Bpu, efficienza con l’opensource

Gianfranco Lorusso, Cio di Bpu, ci ha parlato di integrazione e opensource in banca.

Gianfranco Lorusso è responsabile It di tutta la rete del gruppo bancario Bpu, che fa capo alla struttura di quella che fu la Banca Popolare di Bergamo. La sua sede di lavoro, infatti, è sul cosiddetto "sentierone", nel centro di Bergamo bassa.


Costituitasi in Banche Popolari Unite in seguito a varie acquisizioni, la realtà bancaria orobica è fatta da 7 istituti di credito, con 1.200 sportelli e 1.400 punti Bancomat. E sono tutti dipendenti dal coordinamento di Lorusso, che ne ha gestito l'integrazione. Coordinamento in cui l'opensource ha recitato e recita un ruolo chiave.


Il Cio dell'istituto bergamasco, infatti, ha colto l'occasione dell'integrazione informativa per diffondere il modello open.


Tutti gli sportelli della banca hanno un server Sun Solaris, il che significa che i processi e i dati sono distribuiti, tanto che ogni filiale è autonoma rispetto alle altre.


Pertanto, il front office è potuto passare sotto Linux, ma senza forzature, ovvero seguendo il piano di obsolescenza programmata dei pc con Solaris.


Oggi il sistema operativo client è Red Hat, ma, anche qui, senza costrizioni o forzature: «amiamo molto il concetto di indipendenza dal fornitore - dice Lorusso - pertanto non si tratta di un legame indissolubile in assoluto».

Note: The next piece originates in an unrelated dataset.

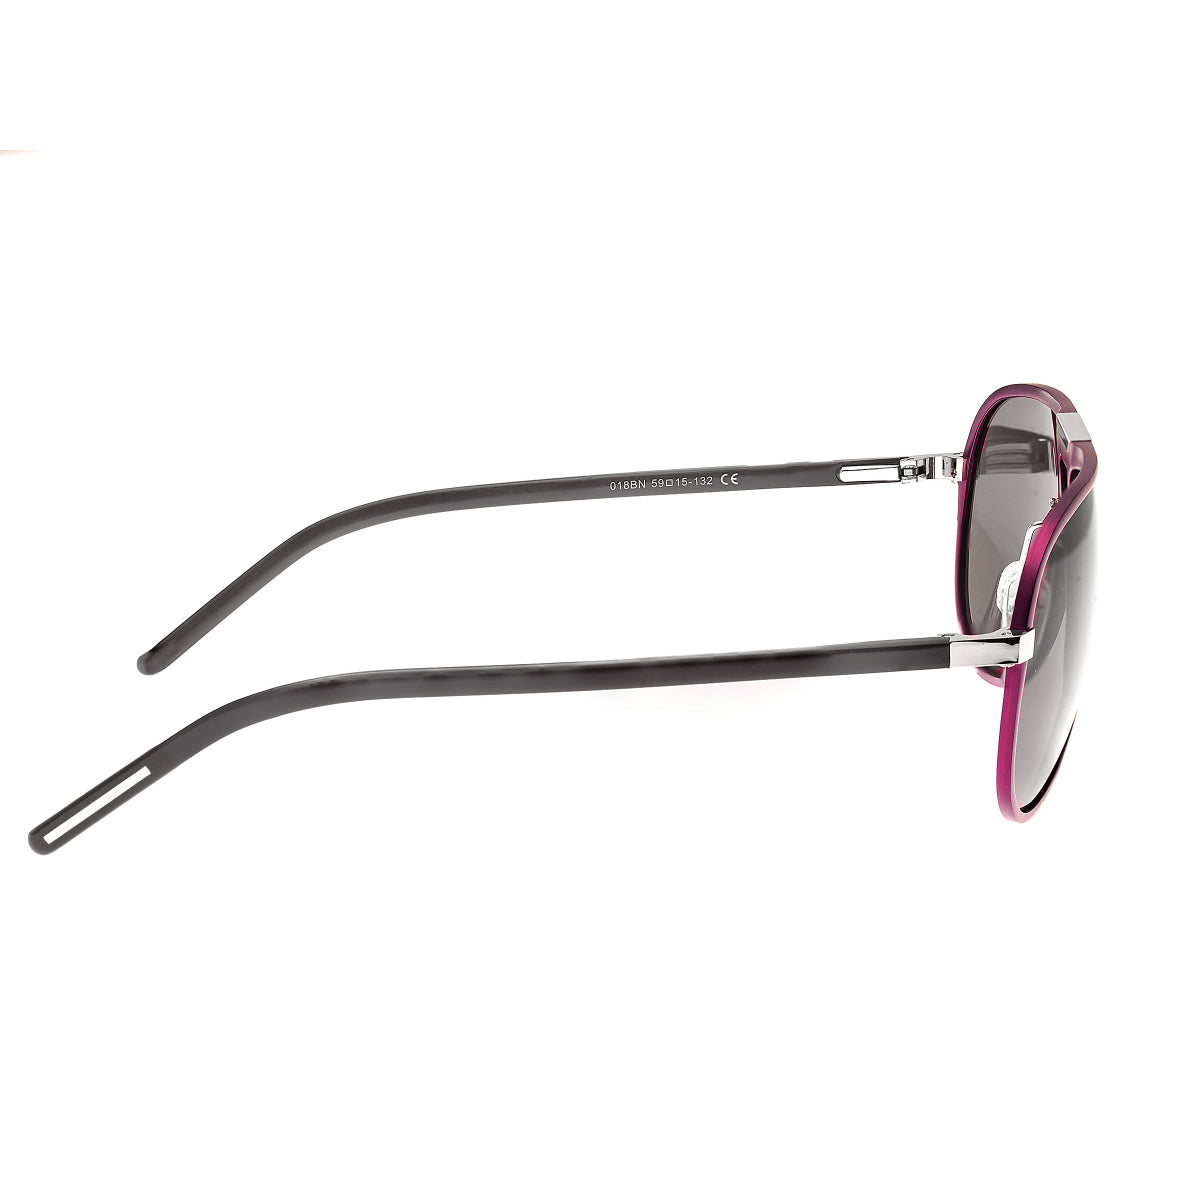 Breed Nova Aluminium Polarized Sunglasses - Pink/Black - BSG018MG

«Io oggi ho solo due fornitori che mi tengono legato a doppio filo - prosegue Lorusso - Enel, per ovvi motivi "energetici" e Oracle, ovvero il database su cui è costruita la nostra infrastruttura informativa distribuita. Db2? Va bene per i mainframe, e noi non ne abbiamo. Il sistema più "ingombrante" da noi è un host, ereditato dalle acquisizioni, posto ad Ancona, con 300 Mips. È il server di filiale la base per le workstation operative».


Il lavoro di integrazione dell'infrastruttura tecnologica è stato condotto da Lorusso seguendo le due direttrici-mandato assegnate dal management: ottenere l'omogeneità di tutti i vari sistemi e perseguire l'efficienza del business. Per il primo obiettivo lo strumento è stato l'opensource, per il secondo la Business intelligence.


«Per raggiungerli - spiega il Cio - posso contare su una squadra che definisco senza mezzi termini "incredibile". Il mio staff It, in totale di 370 persone interne e 250 esterne, è a tutti gli effetti una software house. Noi sviluppiamo in casa il 90% del software che ci serve. Sviluppiamo tutto, tranne il software per le normative (Ias, Basilea2, ndr) che vale la pena comprarlo già pacchettizzato, dato che non ci si riesce a fare la differenza».


Per il resto, soprattutto per la filiale, Bpu usa Linux. «Che per noi - dice il manager -significa innanzitutto indipendenza dal fornitore e grande risparmio sul piano dei costi di licenza, e anche su quelli di supporto, che sono bassissimi. Facendo così noi spendiamo la metà degli altri».